Raw data:
────
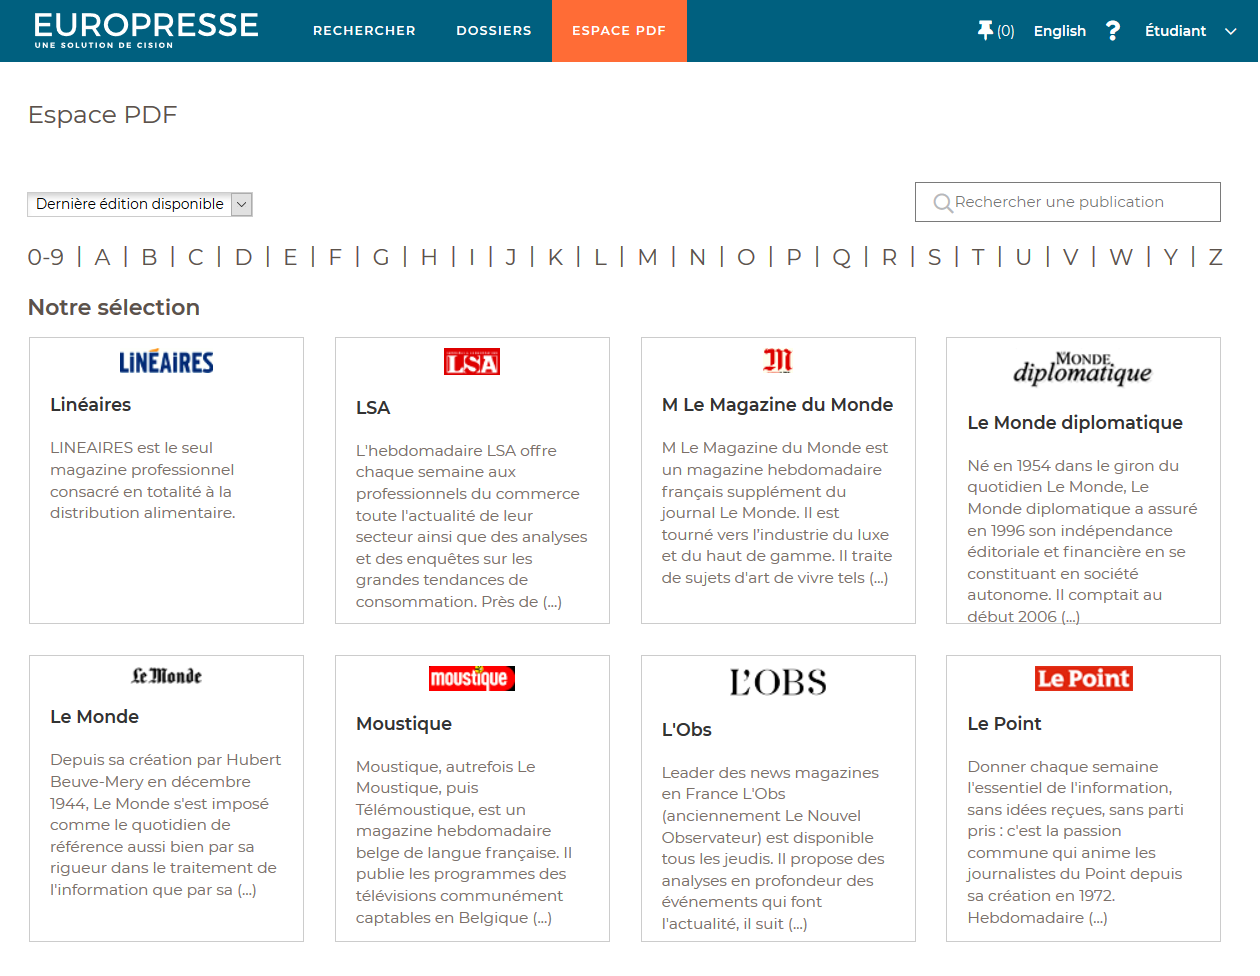 Espace PDF sur Europresse
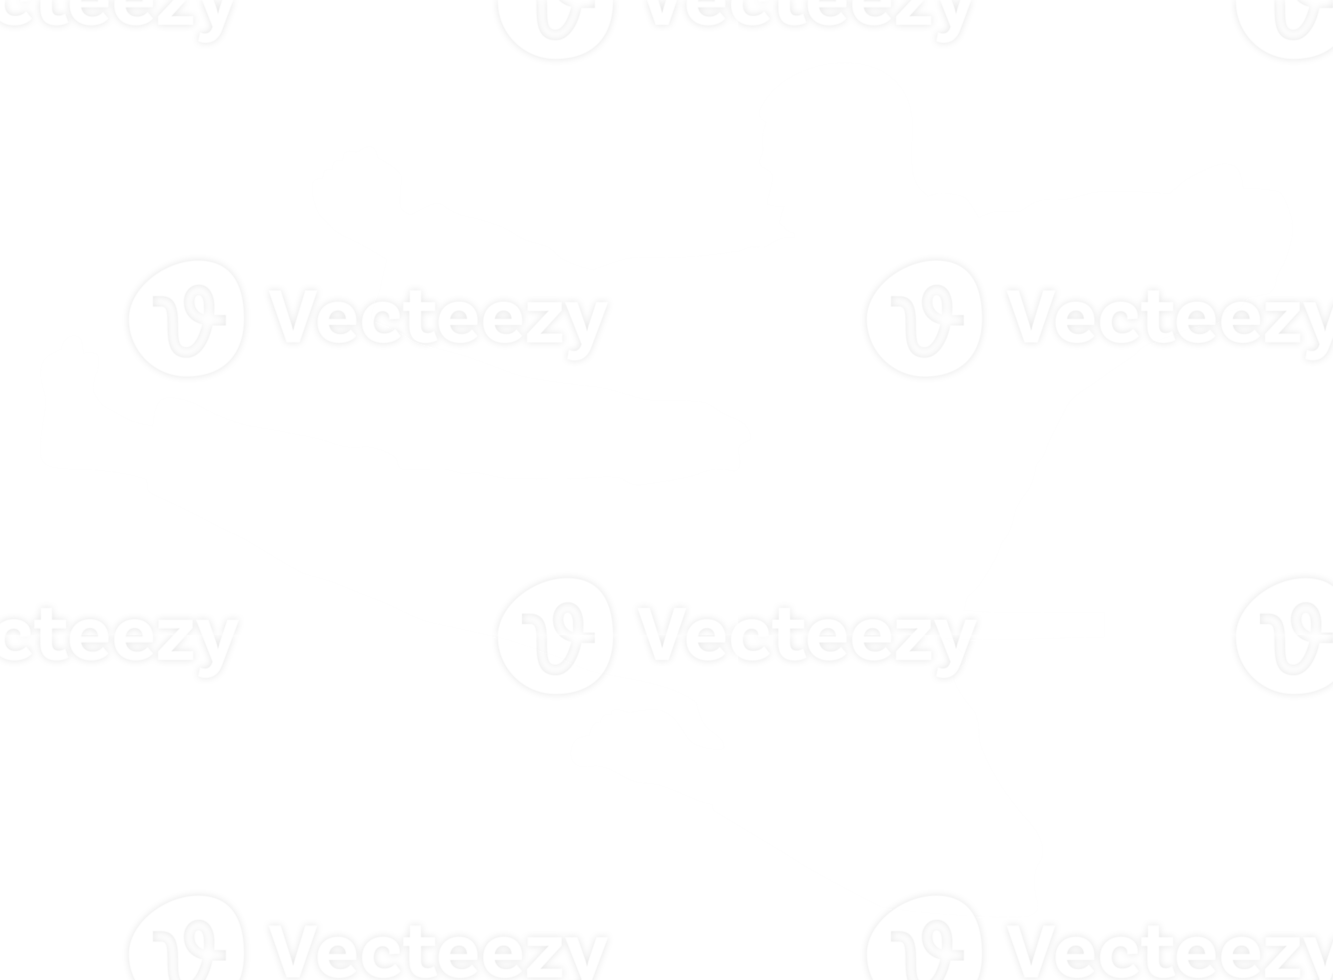 silhueta do marcial artista chute, taekwondo, karatê, pencak silat, kungfu, para logotipo ou gráfico Projeto elemento. formato png
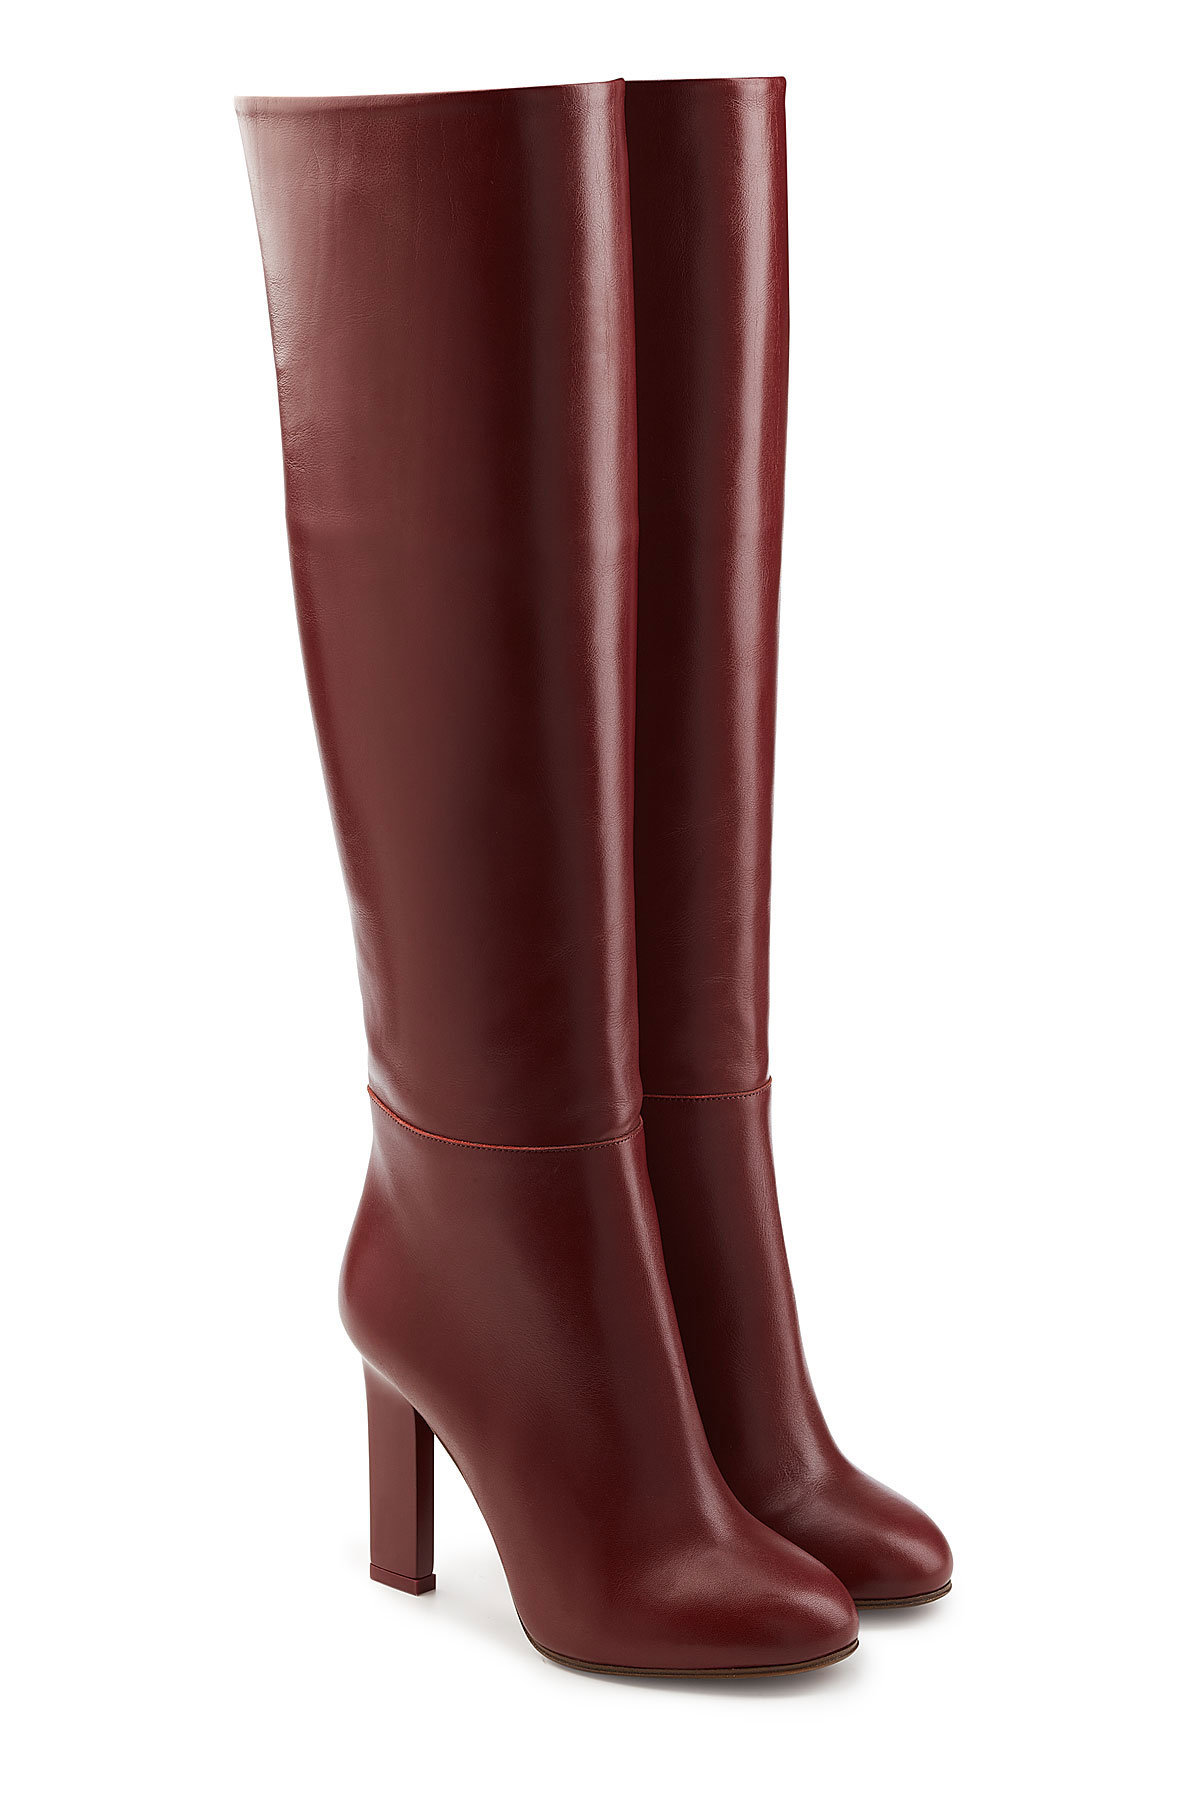 Victoria Beckham burgundy knee high boots
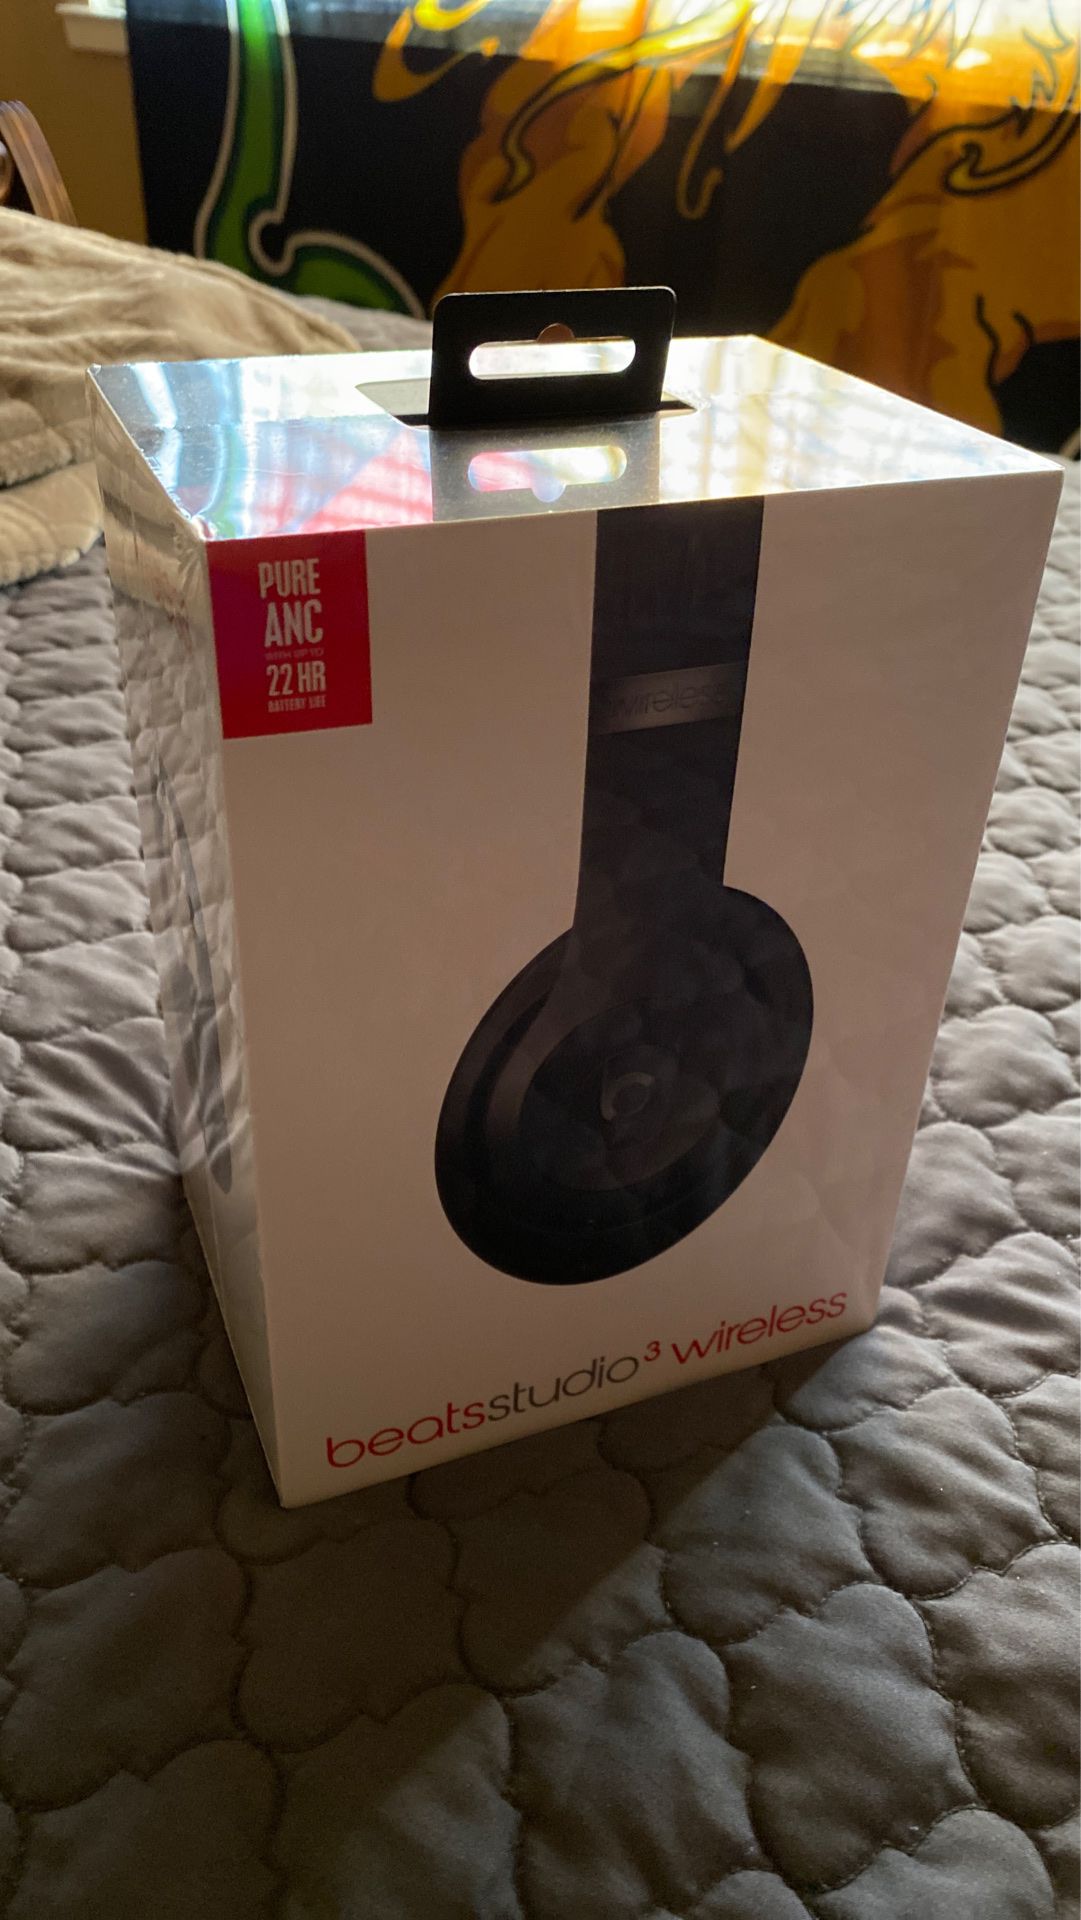 Beats Studio 3 Wireless - New in box Sealed
────
Task: Give the listing again word for word. Skip any pictures.

Solved problem:
 Espace PDF sur Europresse
 silhueta do marcial artista chute, taekwondo, karatê, pencak silat, kungfu, para logotipo ou gráfico Projeto elemento. formato png
 Victoria Beckham burgundy knee high boots
 Beats Studio 3 Wireless - New in box Sealed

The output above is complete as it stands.